Exercise prompt:
Take the line with "Modello Tyrannosaurus rex" and every line after it, through the end of the listing, and give them again exactly, pictures excluded.

Data segment:
• • • • •

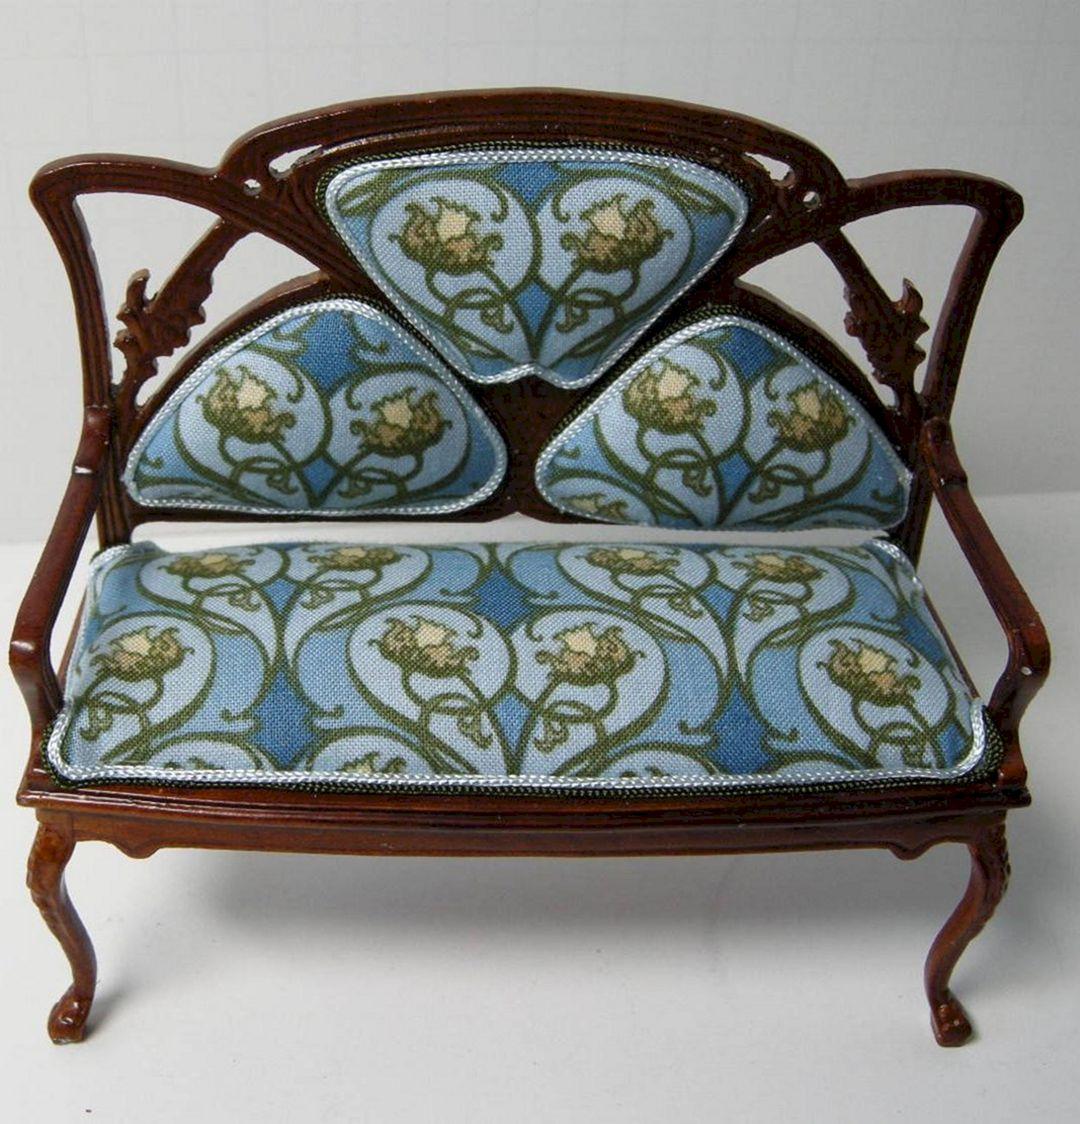 Art nouveau furniture ideas art nouveau furniture ideas for Art nouveau decorating ideas
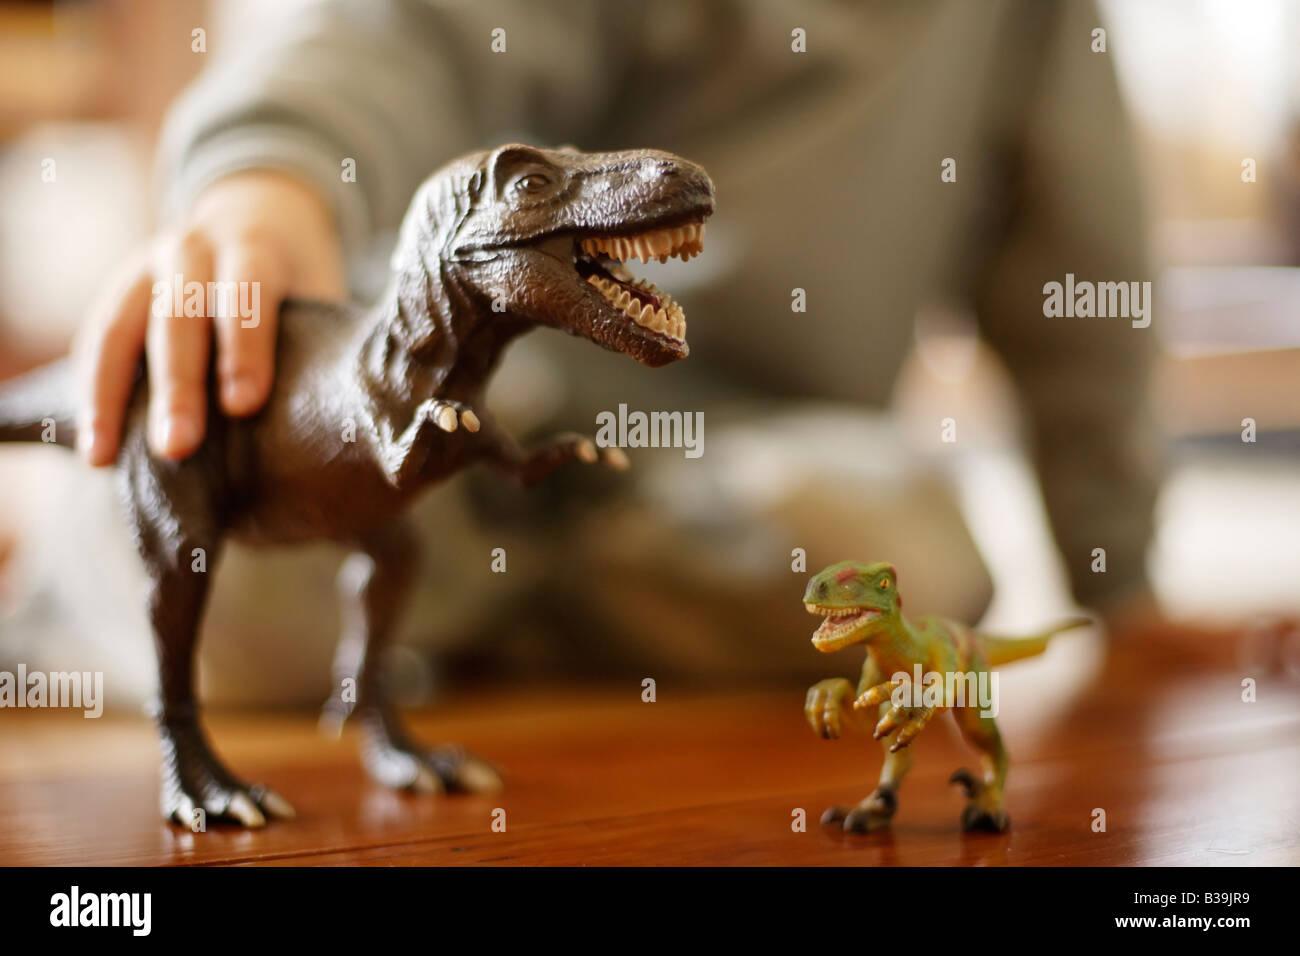 Modello Tyrannosaurus rex nelle mani di sei anni vecchio ragazzo di mangiare un altro giocattolo dinosauro un velociraptor Immagini Stock
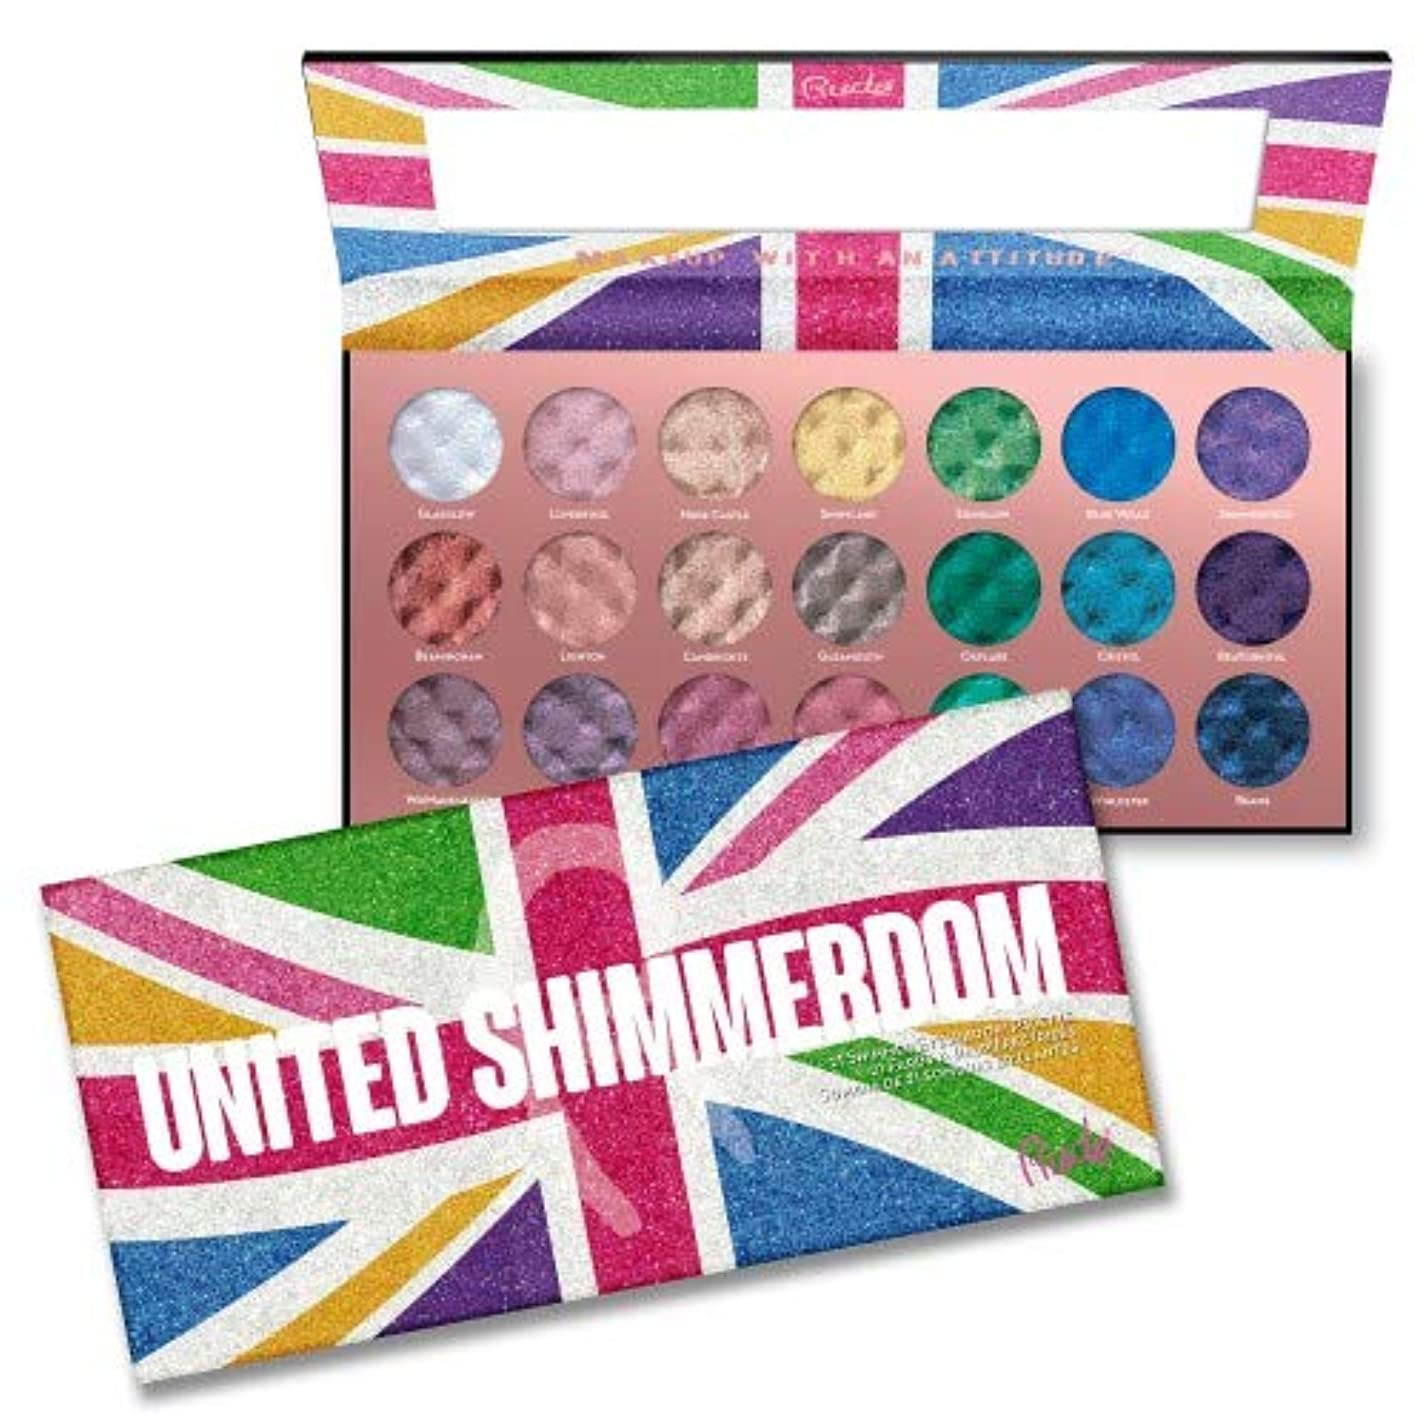 下着サイクロプス木RUDE United Shimmerdom - 21 Shimmer Eyeshadow Palette (並行輸入品)
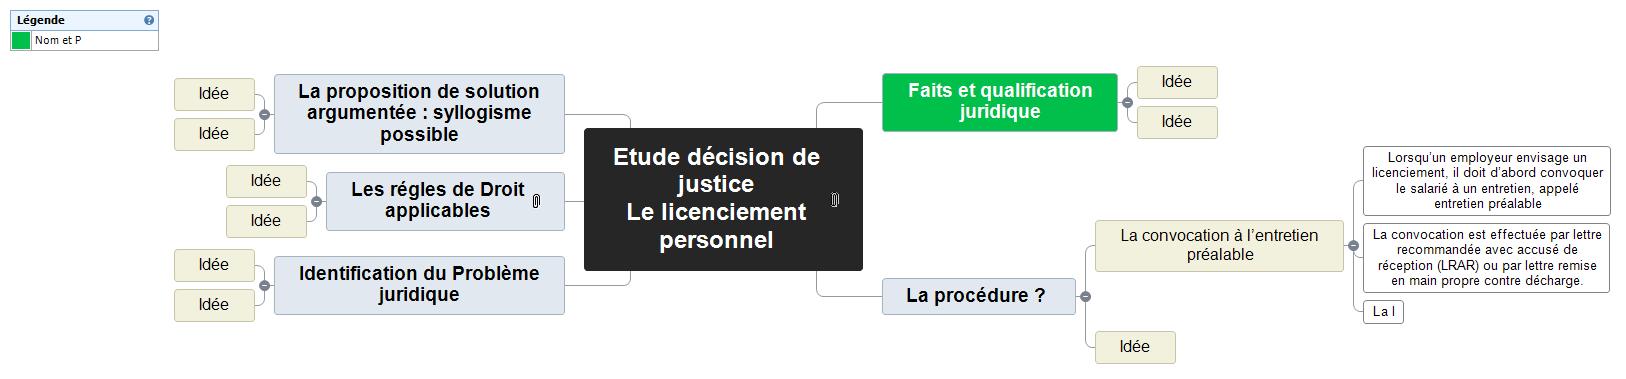 Etude décision de justice  Mind Maps

• • • • •

Your response:
 Modello Tyrannosaurus rex nelle mani di sei anni vecchio ragazzo di mangiare un altro giocattolo dinosauro un velociraptor Immagini Stock
 下着サイクロプス木RUDE United Shimmerdom - 21 Shimmer Eyeshadow Palette (並行輸入品)
 Etude décision de justice  Mind Maps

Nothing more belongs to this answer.